(MATERIAL PROVIDED begins)
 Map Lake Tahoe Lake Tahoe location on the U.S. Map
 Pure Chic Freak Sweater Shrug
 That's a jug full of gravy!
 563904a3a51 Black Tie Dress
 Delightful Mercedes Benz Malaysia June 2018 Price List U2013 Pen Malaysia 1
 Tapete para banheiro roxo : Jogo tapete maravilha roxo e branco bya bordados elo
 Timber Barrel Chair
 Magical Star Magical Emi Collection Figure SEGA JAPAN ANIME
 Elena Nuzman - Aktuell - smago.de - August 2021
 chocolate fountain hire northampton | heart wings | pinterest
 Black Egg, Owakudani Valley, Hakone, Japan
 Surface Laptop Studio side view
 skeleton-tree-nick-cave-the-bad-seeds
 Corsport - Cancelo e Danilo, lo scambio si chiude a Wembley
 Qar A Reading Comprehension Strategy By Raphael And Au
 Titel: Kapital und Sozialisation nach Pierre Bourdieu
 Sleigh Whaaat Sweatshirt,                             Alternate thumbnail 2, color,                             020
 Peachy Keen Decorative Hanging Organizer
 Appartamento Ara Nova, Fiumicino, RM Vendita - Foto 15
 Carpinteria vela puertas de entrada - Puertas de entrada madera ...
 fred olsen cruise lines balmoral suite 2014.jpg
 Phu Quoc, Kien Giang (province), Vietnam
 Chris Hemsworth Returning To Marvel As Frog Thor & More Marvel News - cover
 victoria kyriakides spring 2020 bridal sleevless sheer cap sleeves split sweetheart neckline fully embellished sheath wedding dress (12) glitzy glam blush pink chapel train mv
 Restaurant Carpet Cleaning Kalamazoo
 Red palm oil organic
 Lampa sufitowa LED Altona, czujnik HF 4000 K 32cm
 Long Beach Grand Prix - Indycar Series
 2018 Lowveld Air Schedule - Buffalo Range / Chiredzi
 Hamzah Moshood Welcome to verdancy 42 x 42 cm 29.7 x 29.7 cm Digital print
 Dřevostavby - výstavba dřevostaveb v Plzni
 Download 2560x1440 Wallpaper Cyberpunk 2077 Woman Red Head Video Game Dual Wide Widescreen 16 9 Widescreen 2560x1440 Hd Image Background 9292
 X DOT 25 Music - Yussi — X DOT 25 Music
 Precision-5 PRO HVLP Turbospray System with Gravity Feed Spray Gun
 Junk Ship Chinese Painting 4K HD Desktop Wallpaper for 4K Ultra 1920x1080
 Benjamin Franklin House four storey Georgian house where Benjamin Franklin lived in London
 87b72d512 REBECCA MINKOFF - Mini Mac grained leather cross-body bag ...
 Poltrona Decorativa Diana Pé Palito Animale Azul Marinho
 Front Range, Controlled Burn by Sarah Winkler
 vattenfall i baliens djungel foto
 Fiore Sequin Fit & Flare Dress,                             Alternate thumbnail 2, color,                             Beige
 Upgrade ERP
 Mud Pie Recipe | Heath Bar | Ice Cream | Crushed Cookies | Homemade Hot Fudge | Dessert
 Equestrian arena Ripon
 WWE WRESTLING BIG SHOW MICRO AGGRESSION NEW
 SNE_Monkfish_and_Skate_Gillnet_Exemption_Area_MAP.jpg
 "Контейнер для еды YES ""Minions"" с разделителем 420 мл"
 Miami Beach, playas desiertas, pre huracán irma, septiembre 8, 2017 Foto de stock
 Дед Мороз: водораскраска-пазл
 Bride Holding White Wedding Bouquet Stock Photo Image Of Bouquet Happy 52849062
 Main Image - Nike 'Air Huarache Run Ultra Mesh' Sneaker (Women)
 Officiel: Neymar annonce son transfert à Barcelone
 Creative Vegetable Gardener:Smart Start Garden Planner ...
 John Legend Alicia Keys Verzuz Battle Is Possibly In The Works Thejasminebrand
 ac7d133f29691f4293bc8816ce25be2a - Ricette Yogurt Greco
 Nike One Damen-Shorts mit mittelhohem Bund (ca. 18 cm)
(MATERIAL PROVIDED ends)
PROBLEM REQUIREMENTS: Look over the listing and return each line that holds "Nike".

SOLUTION TO THIS TASK:
 Main Image - Nike 'Air Huarache Run Ultra Mesh' Sneaker (Women)
 Nike One Damen-Shorts mit mittelhohem Bund (ca. 18 cm)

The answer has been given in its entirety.